▶ **Supplied data**:

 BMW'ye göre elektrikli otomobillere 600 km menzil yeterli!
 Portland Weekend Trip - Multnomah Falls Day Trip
---
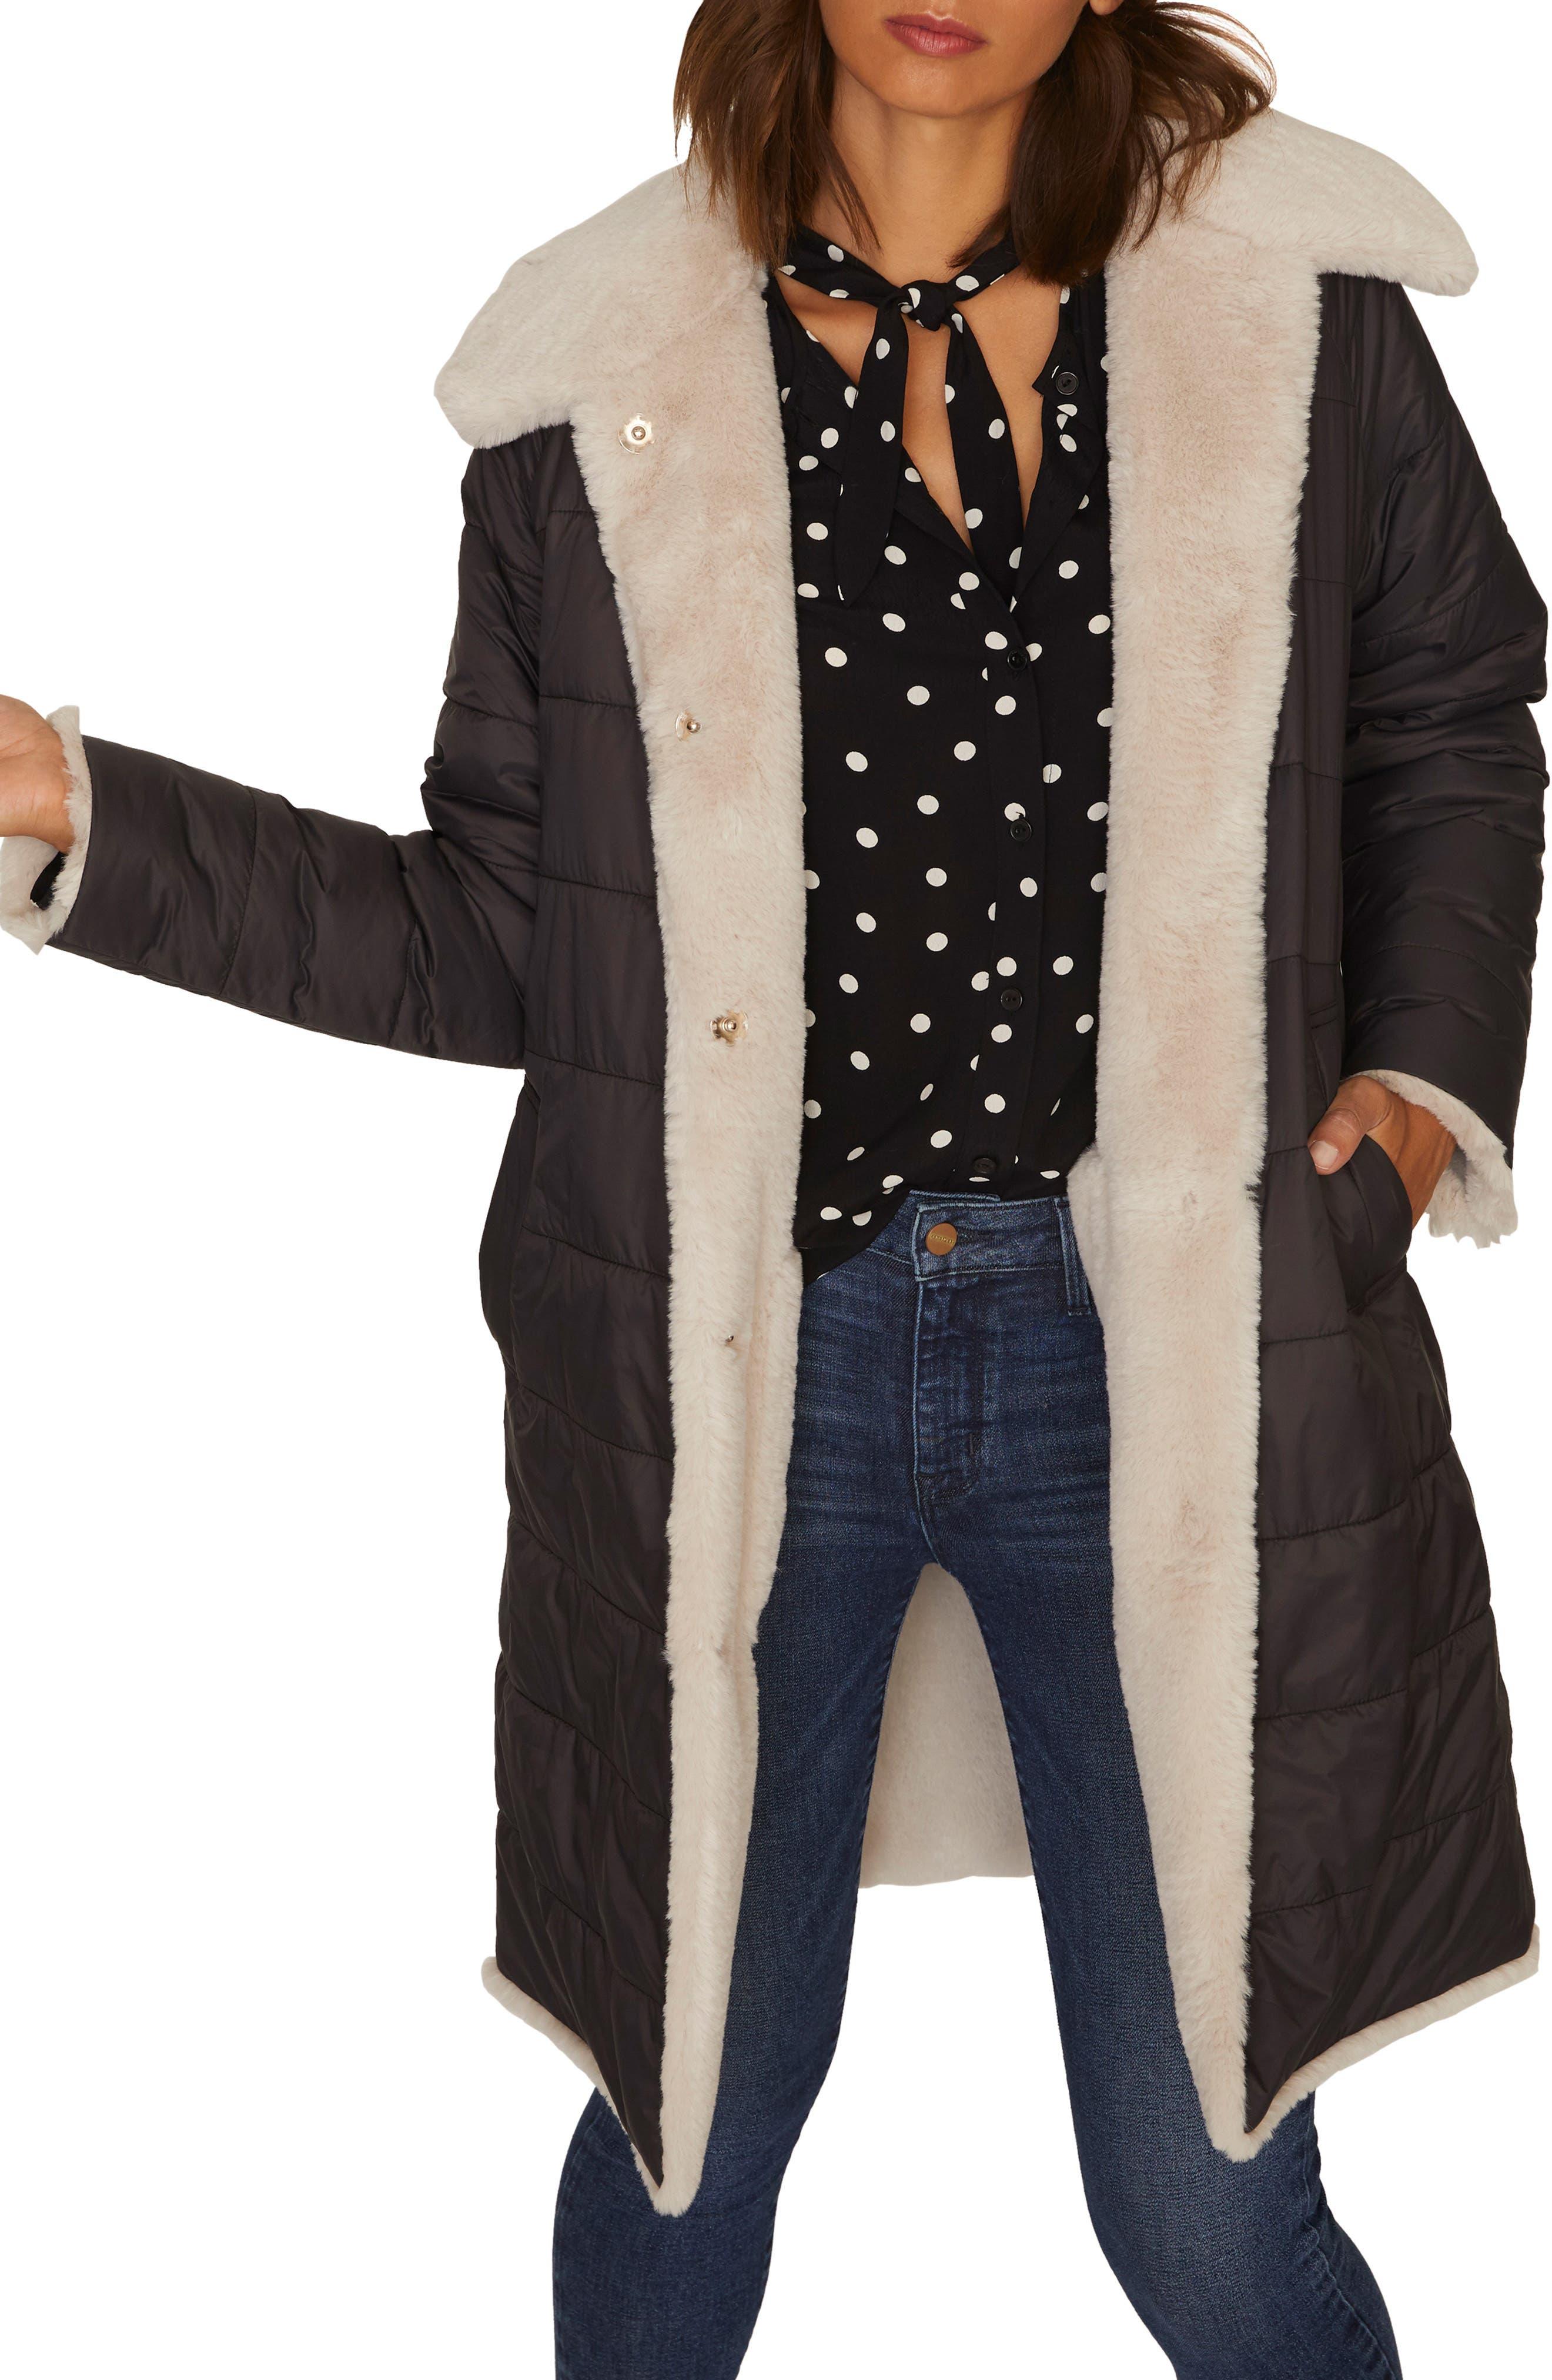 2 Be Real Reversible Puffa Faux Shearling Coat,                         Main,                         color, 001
==
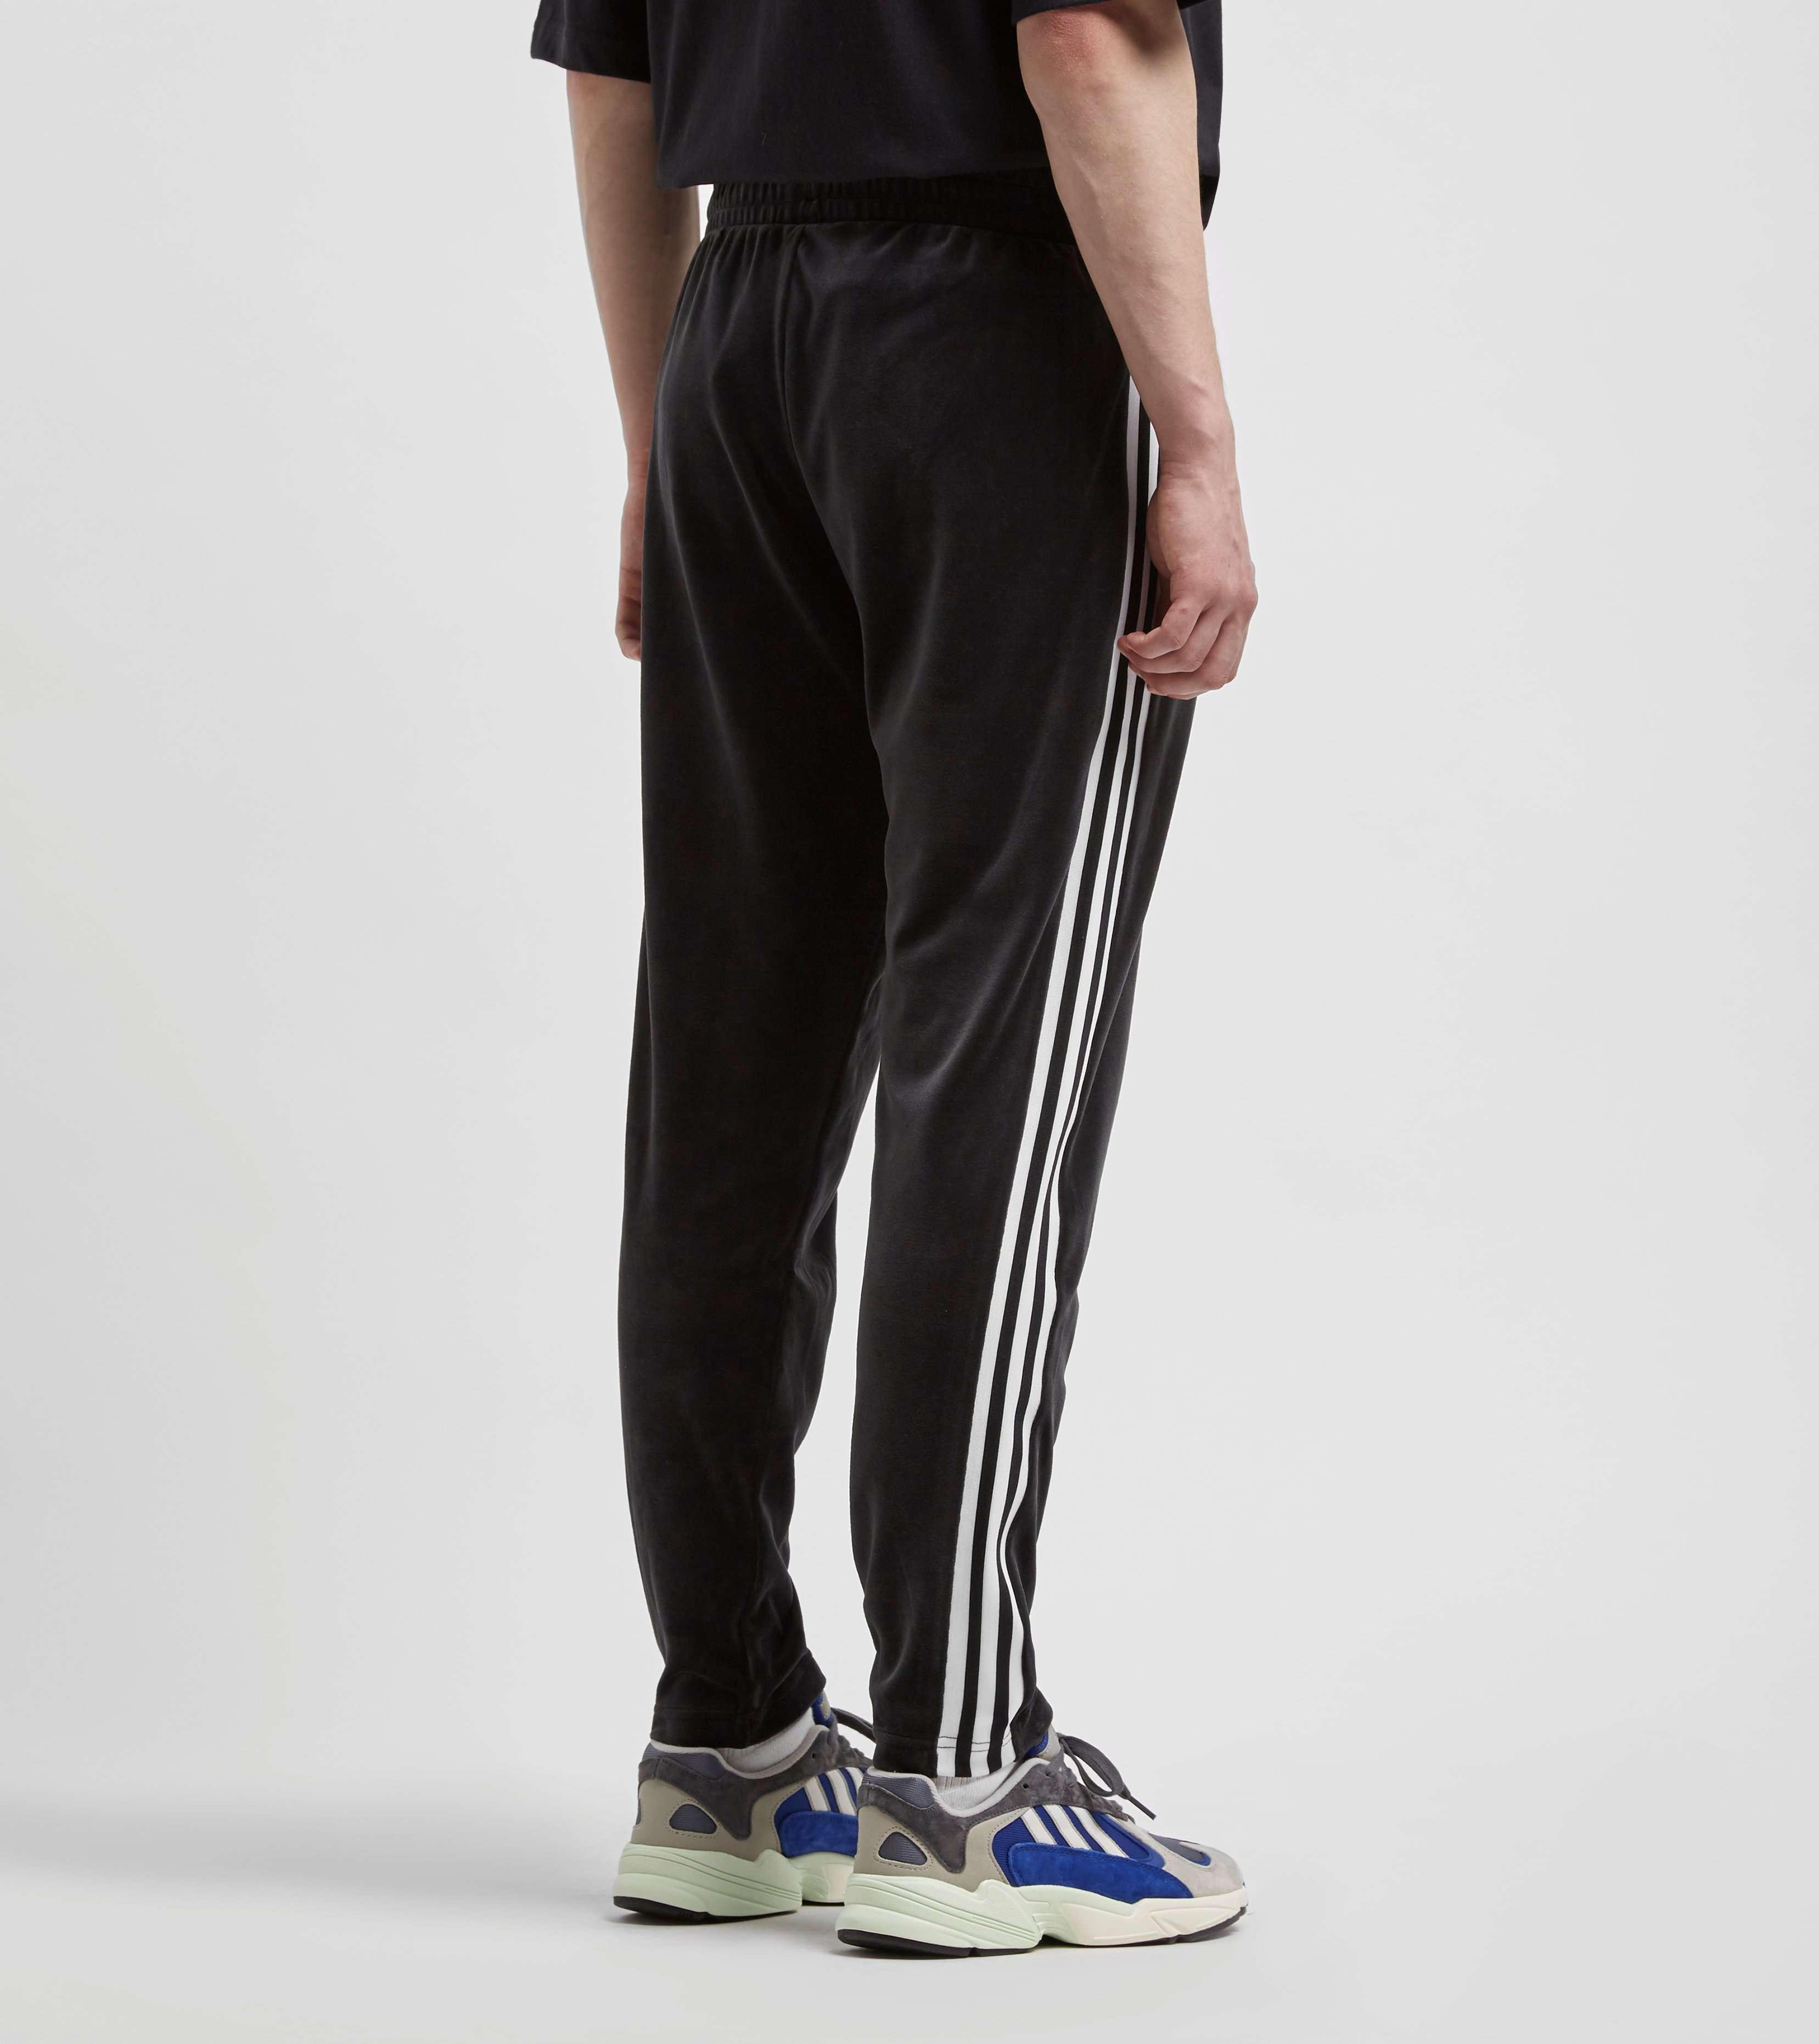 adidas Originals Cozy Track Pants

▶ **Your goal**:
The entries above hold a line with "BMW'ye göre elektrikli" and a later line with "Portland Weekend Trip". Write out exactly those lines and all lines between, nothing more.

▶ **Written response**:
 BMW'ye göre elektrikli otomobillere 600 km menzil yeterli!
 Portland Weekend Trip - Multnomah Falls Day Trip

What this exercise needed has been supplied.